Before returning the data, strip out the pictures and keep everything else exactly the same.

▶ **DATA EXCERPT**:
******************************

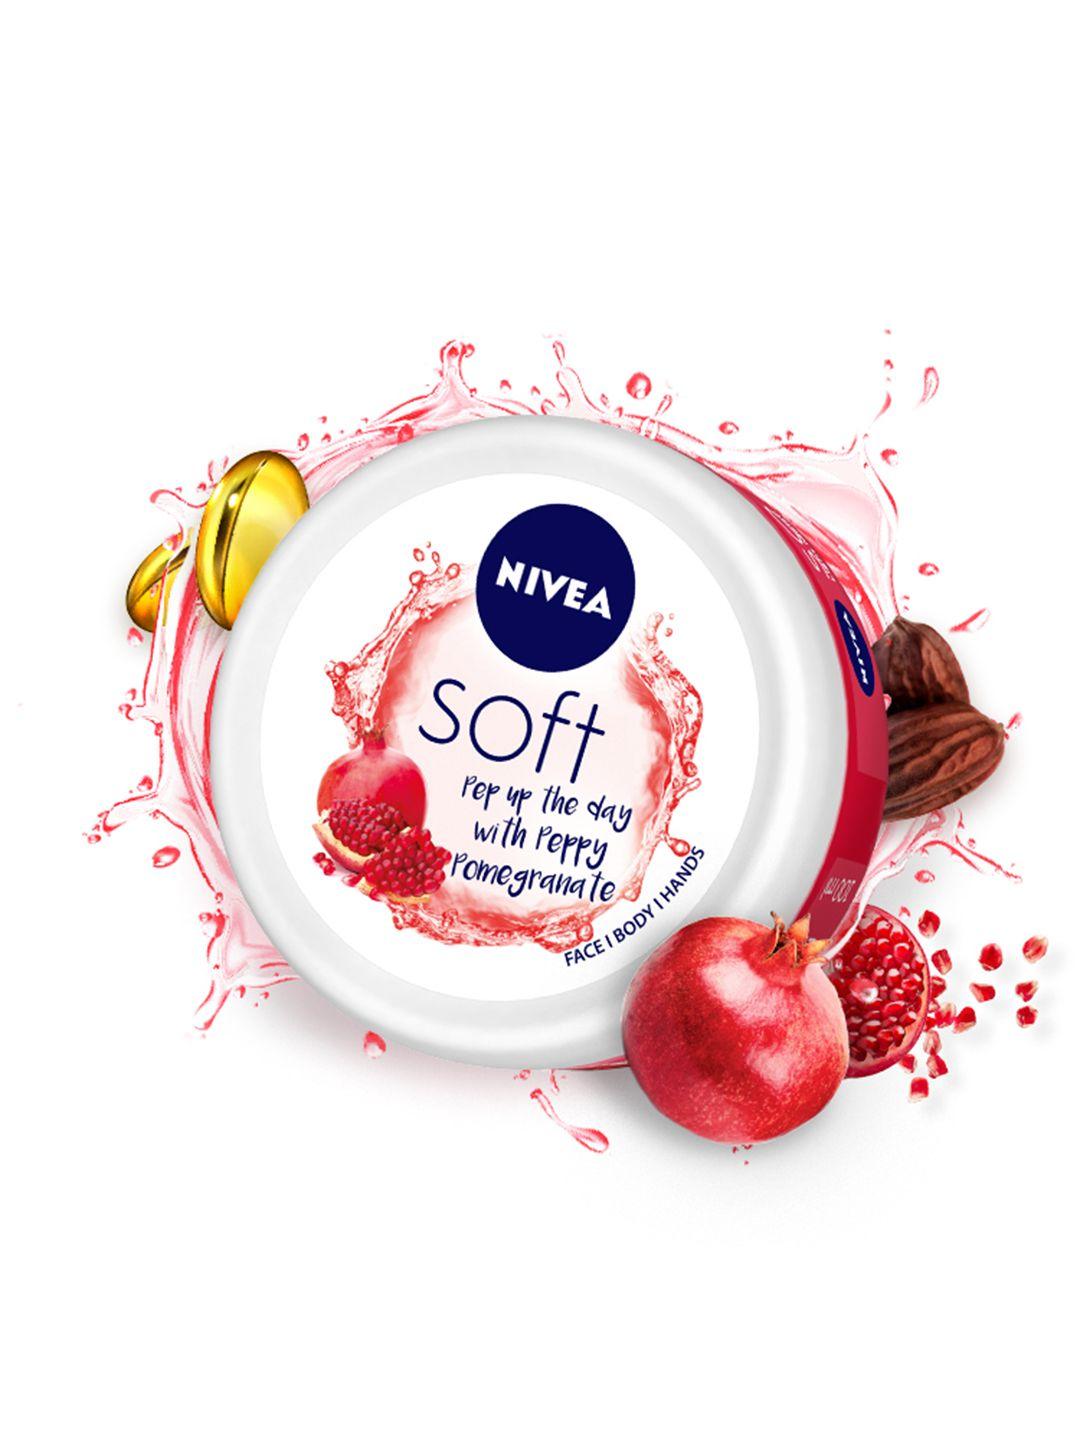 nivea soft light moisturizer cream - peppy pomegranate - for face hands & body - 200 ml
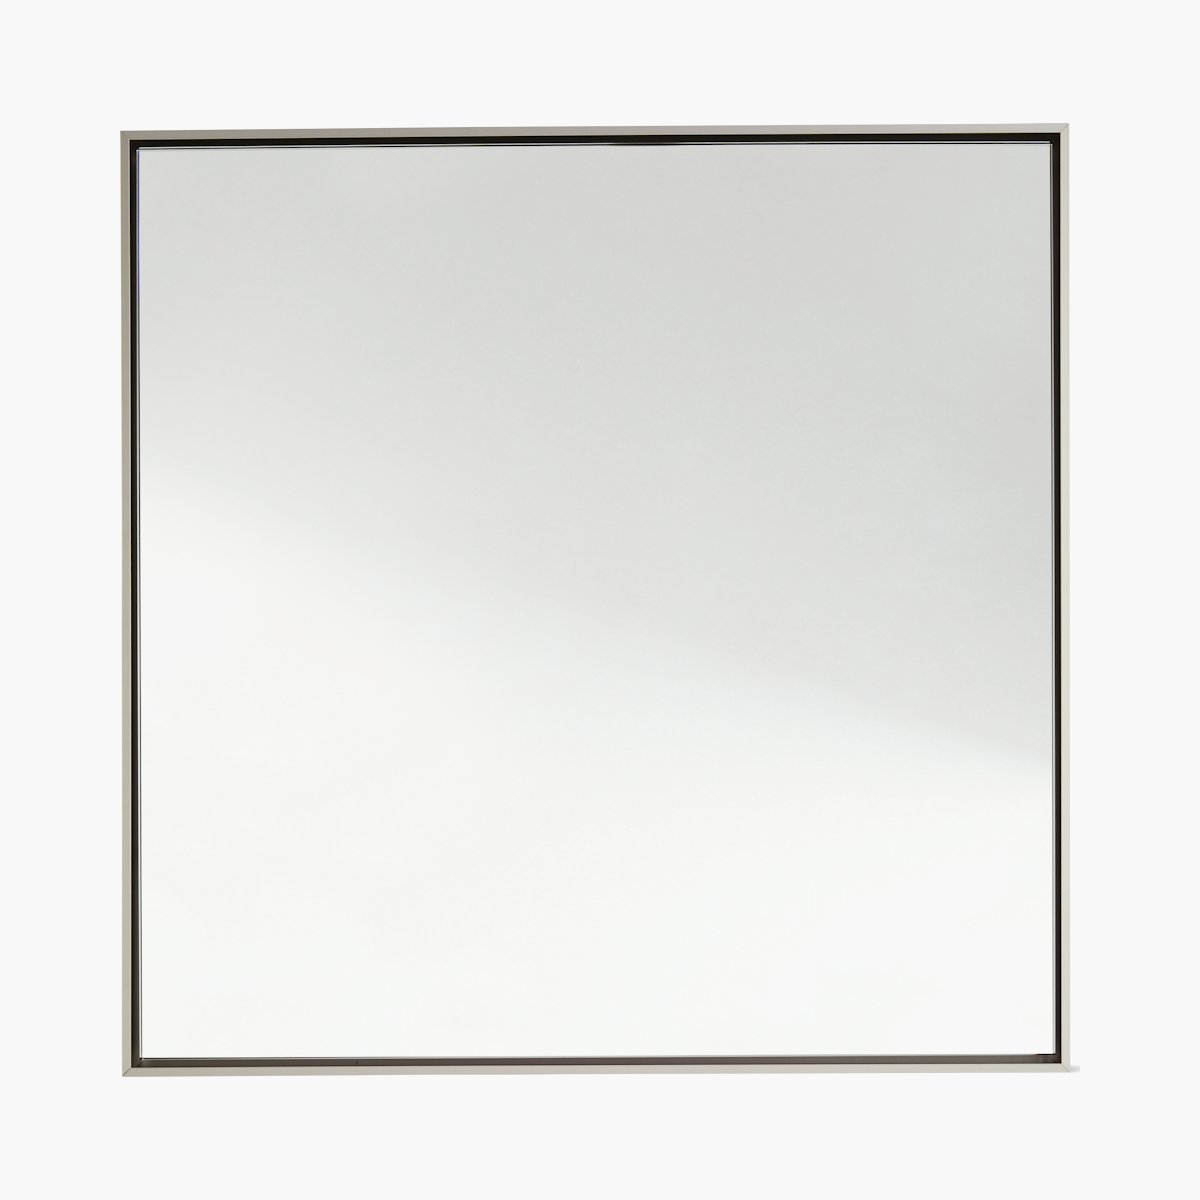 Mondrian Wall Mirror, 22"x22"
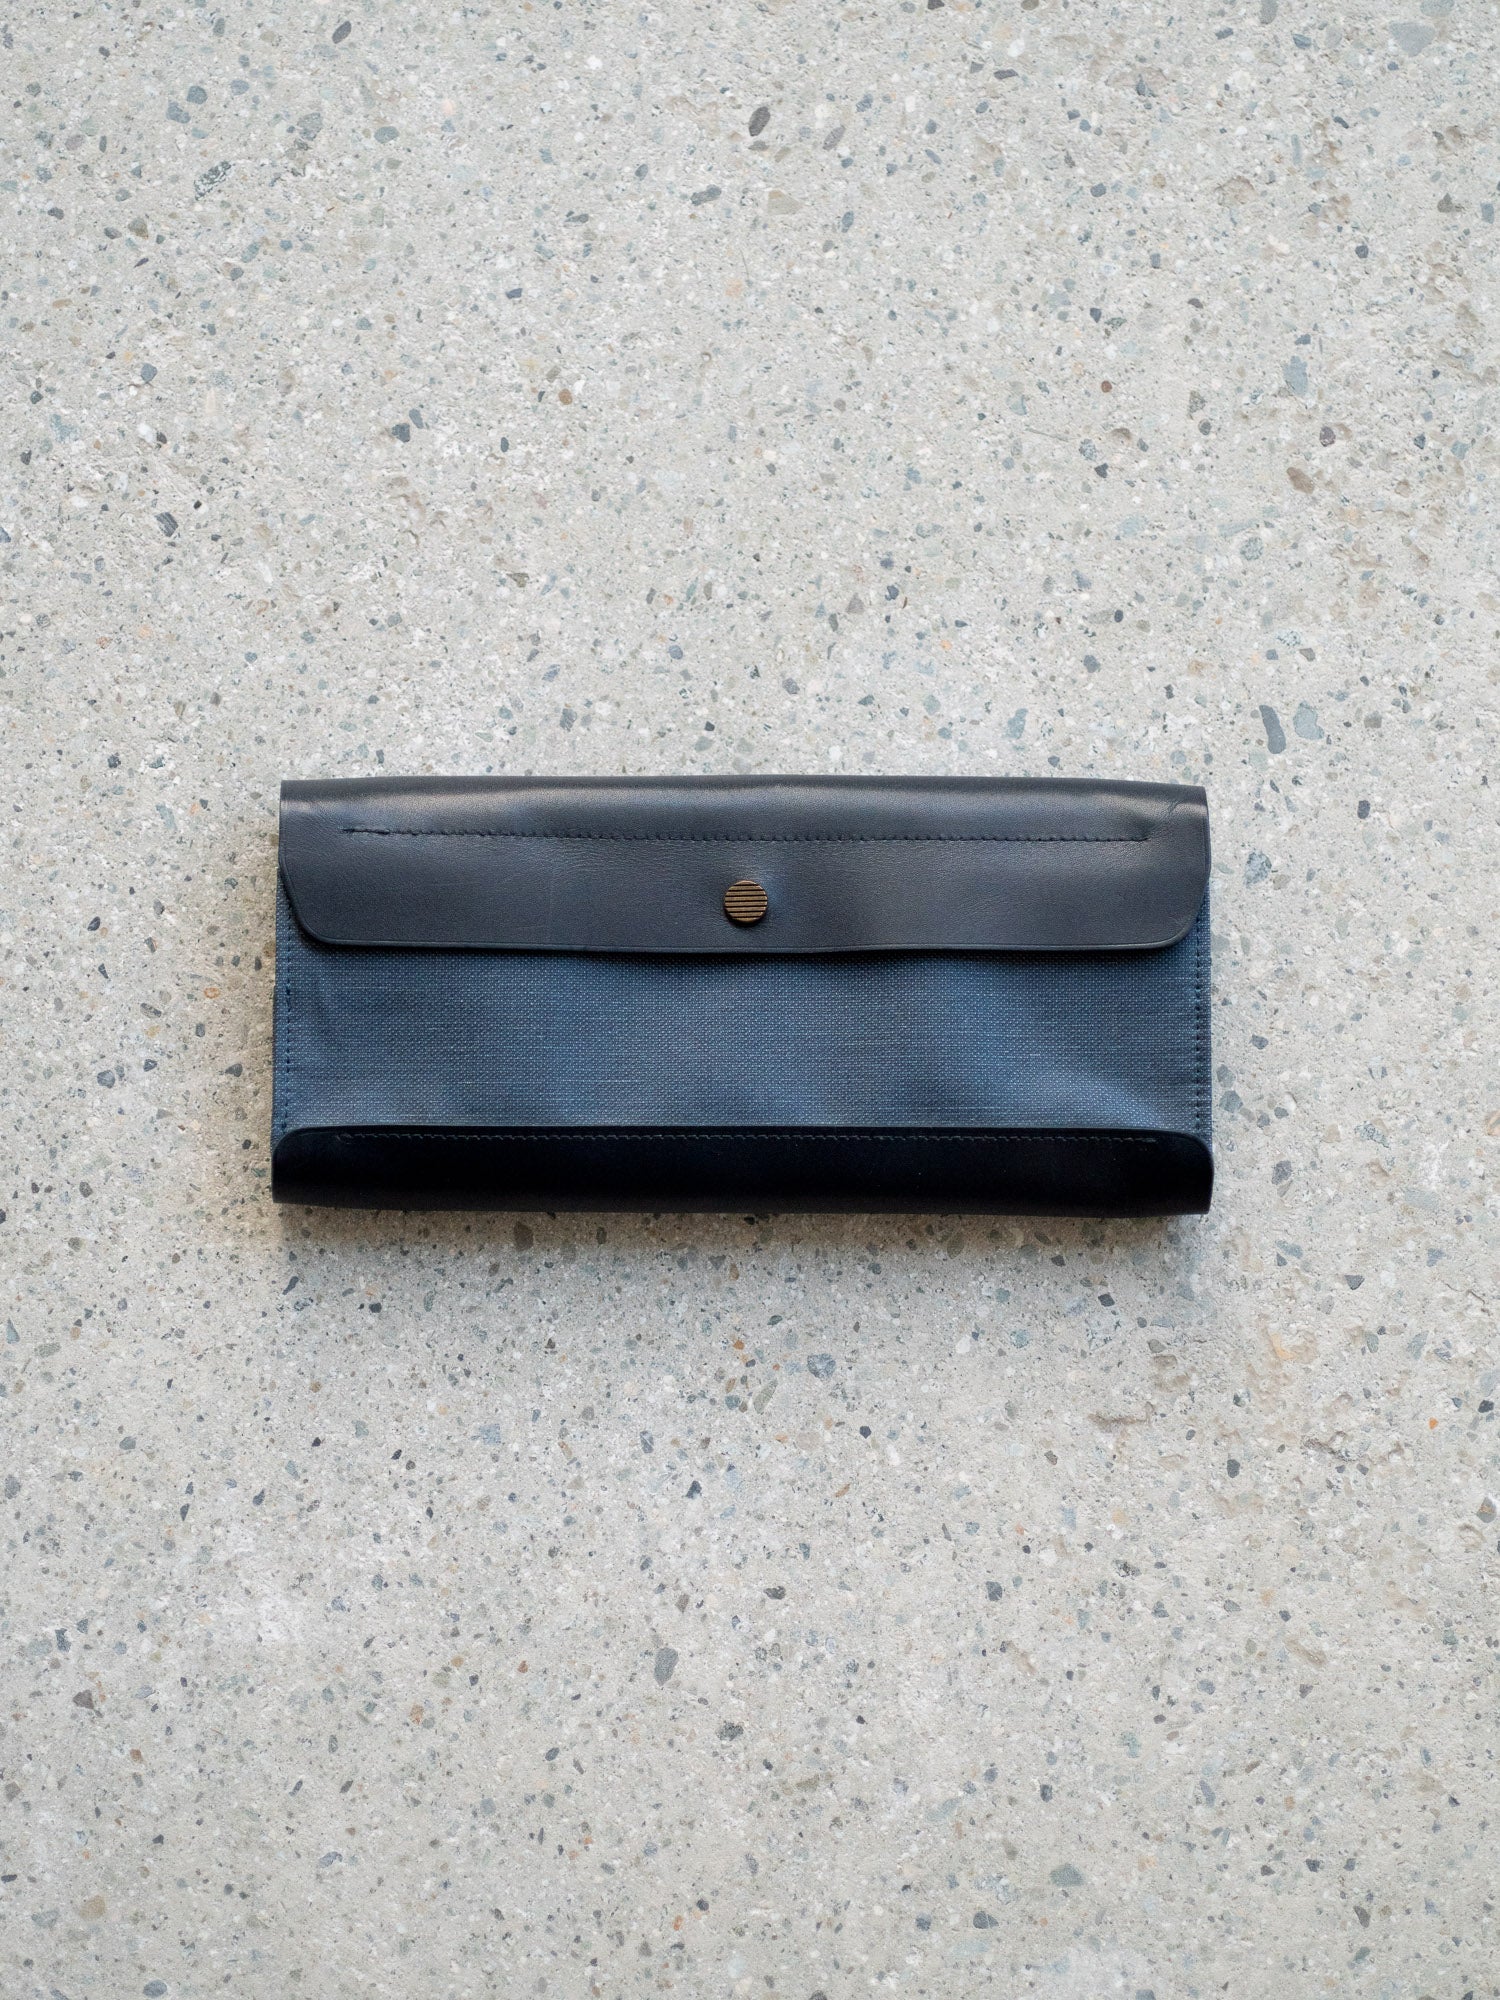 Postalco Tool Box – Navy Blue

******************************

▶ **ANSWER TO THIS PROBLEM**:
 nivea soft light moisturizer cream - peppy pomegranate - for face hands & body - 200 ml
 Mondrian Wall Mirror, 22"x22"
 Postalco Tool Box – Navy Blue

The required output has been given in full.